Решебник по алгебре 9 класс Мерзляк Задание 756

\[\boxed{\mathbf{756\ (756).\ }Еуроки\ - \ ДЗ\ без\ мороки}\]

\[Запишем:\ \]

\[\ \frac{1}{a + c} = \frac{\frac{1}{b + c} + \frac{1}{a + b}}{2}\text{\ \ }\]

\[\frac{2}{a + c} = \frac{1}{b + c} + \frac{1}{a + b}\]

\[\frac{2}{a + c} = \frac{a + b + b + c}{(b + c)(a + b)}\text{\ \ }\]

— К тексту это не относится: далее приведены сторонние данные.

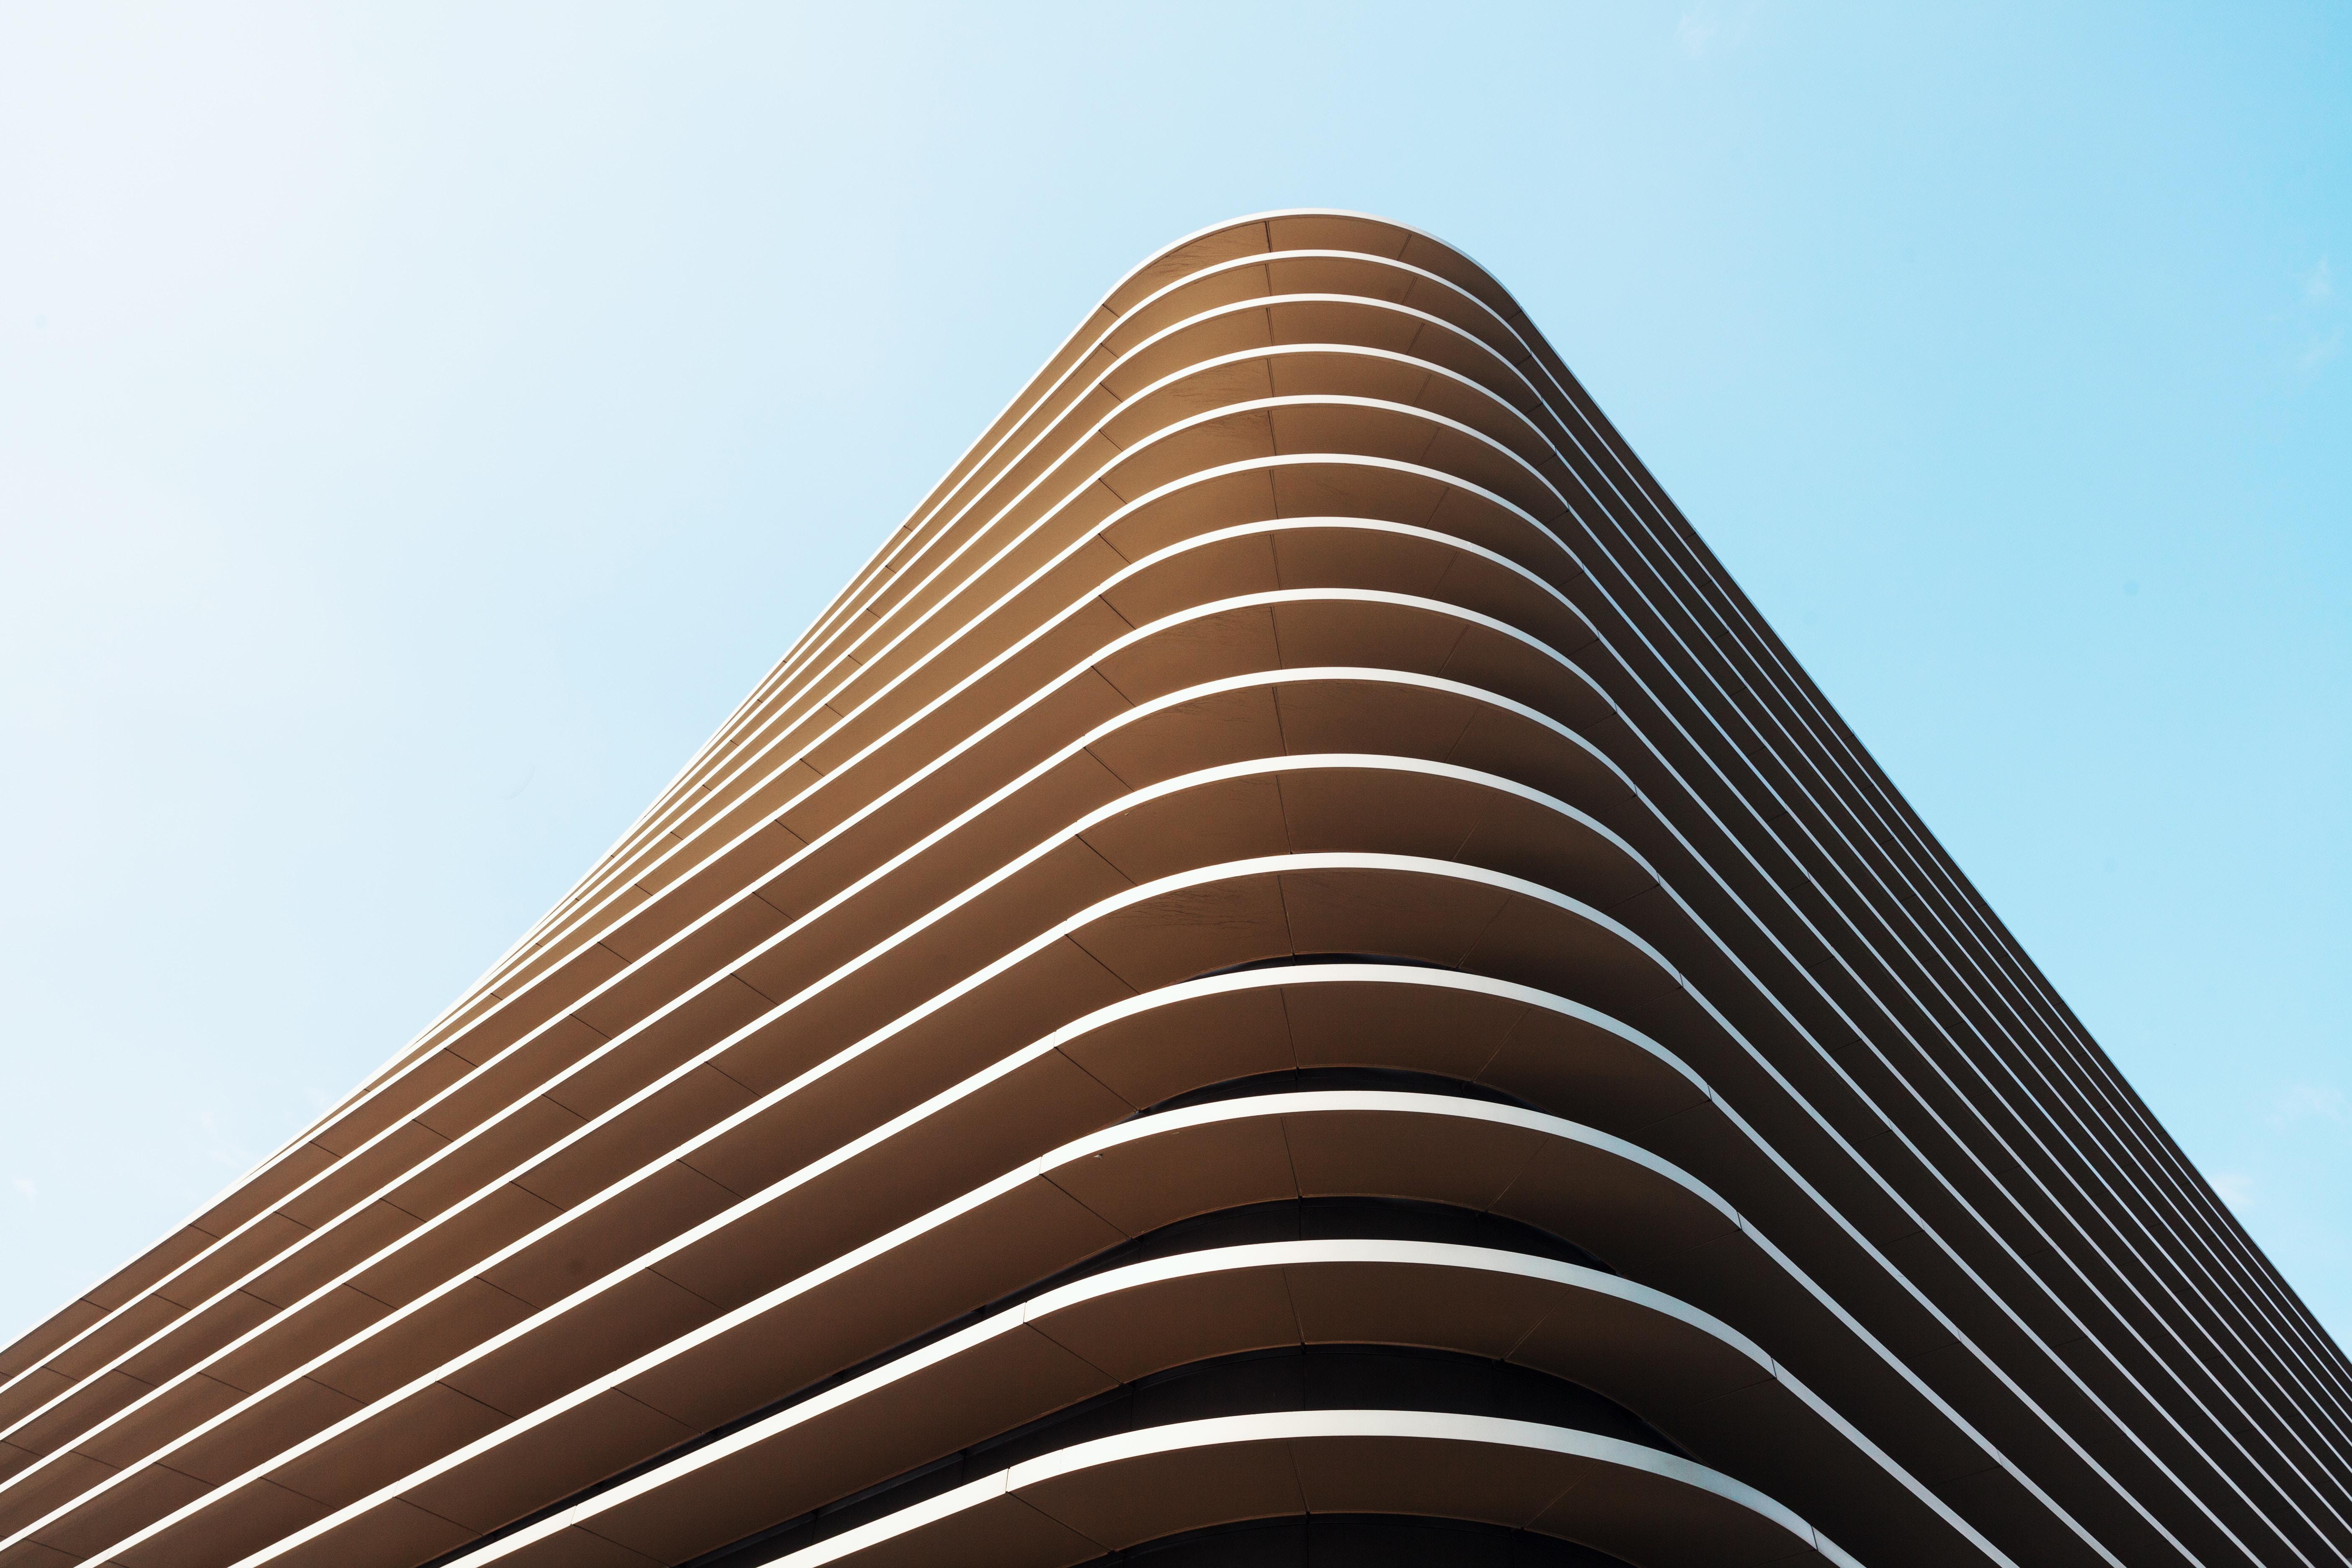 Architecture, Modern, Minimal, Building, 5K, World

\[\frac{2}{a + c} = \frac{a + c + 2b}{(b + c)(a + b)}\text{\ \ }\]

\[\frac{2}{a + c} = \frac{a + c + 2b}{ab + b^{2} + ac + bc}\ \]

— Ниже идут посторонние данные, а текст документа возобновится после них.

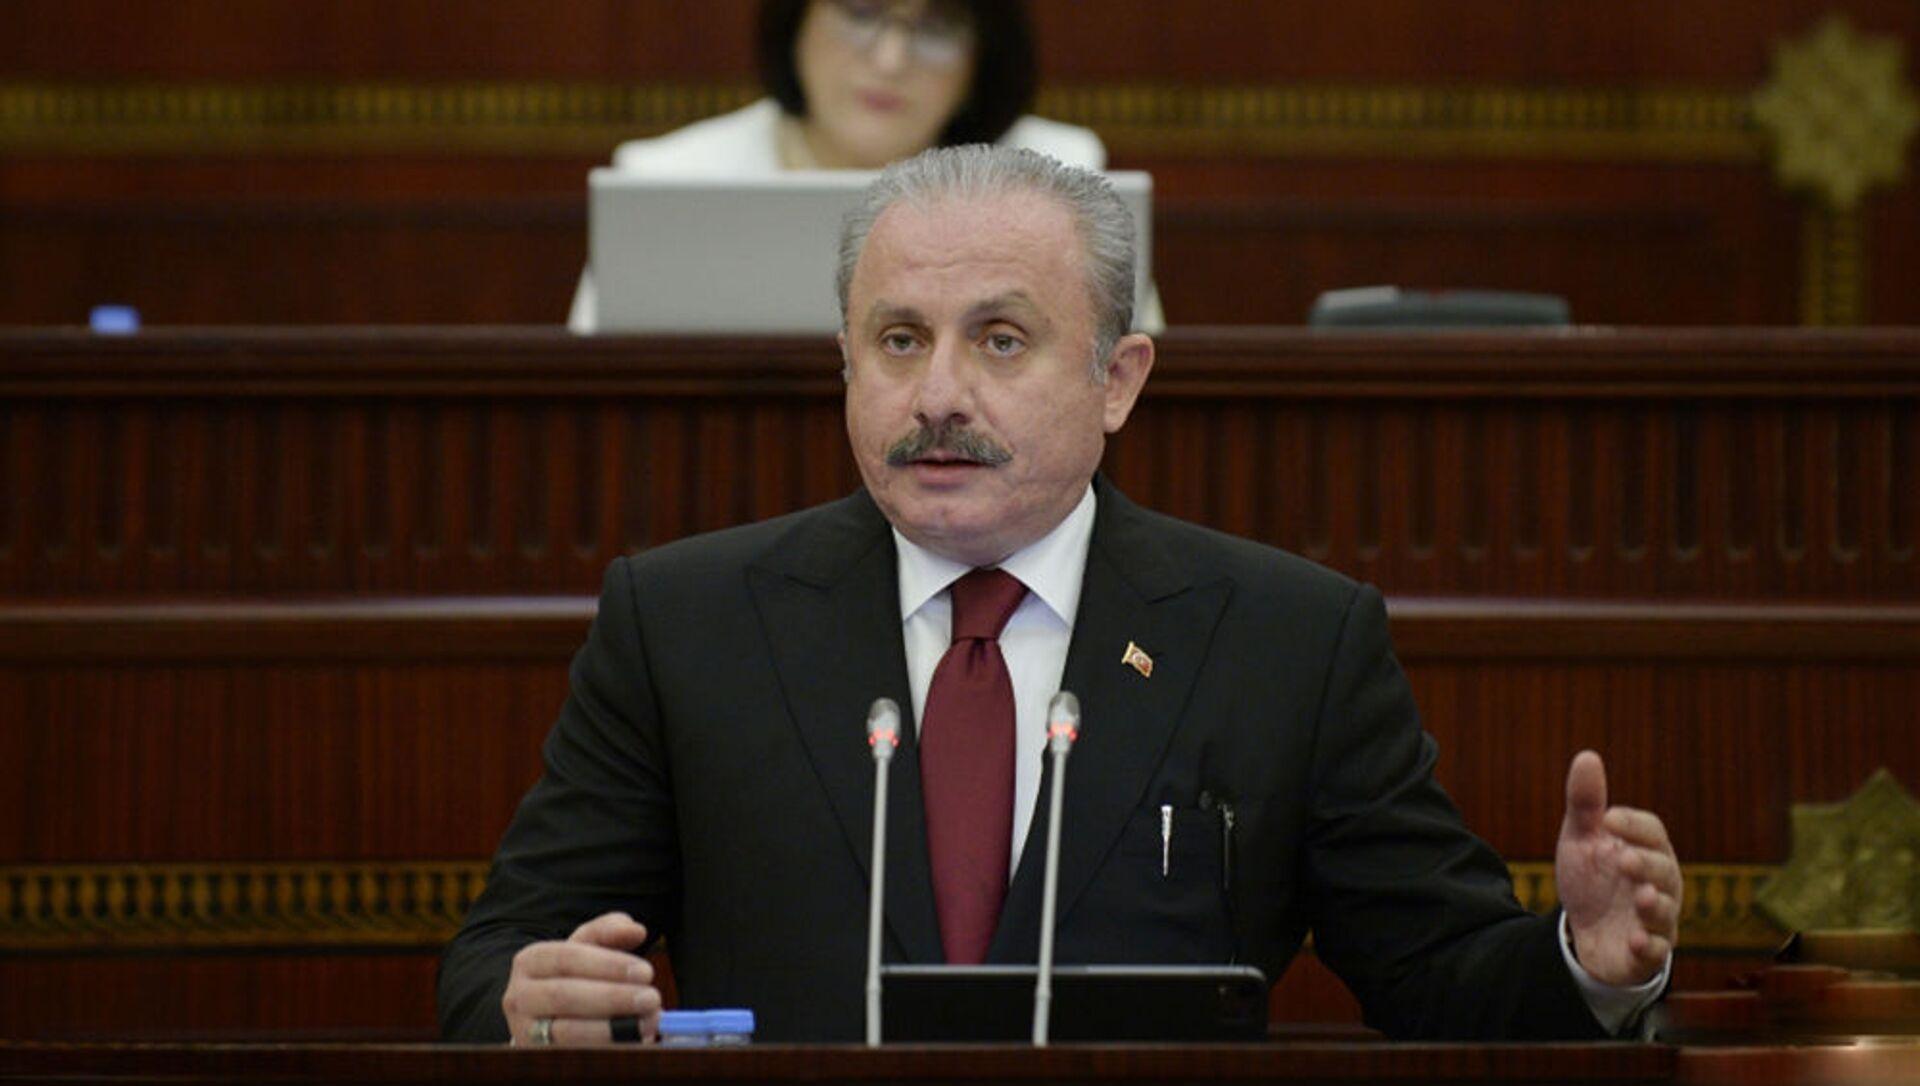 Председатель Великого национального собрания Турции Мустафа Шентоп - Sputnik Азербайджан, 1920, 28.07.2021

\[2 \cdot \left( ab + b^{2} + ac + bc \right) =\]

\[= (a + c)(a + c + 2b)\]

\[2ab + 2b^{2} + 2ac + 2bc =\]

\[= a^{2} + ac + 2ab + ac +\]

\[+ c^{2} + 2bc\]

\[2b^{2} = a^{2} + c^{2}\ или\ \ \ \ \]

\[b^{2} = \frac{a^{2} + c^{2}}{2}\text{\ \ }\]

\[Тогда:\ \ \]

\[a^{2},\ b^{2},\ c^{2} - тоже\ члены\]

\[\ арифметической\ прогрессии.\]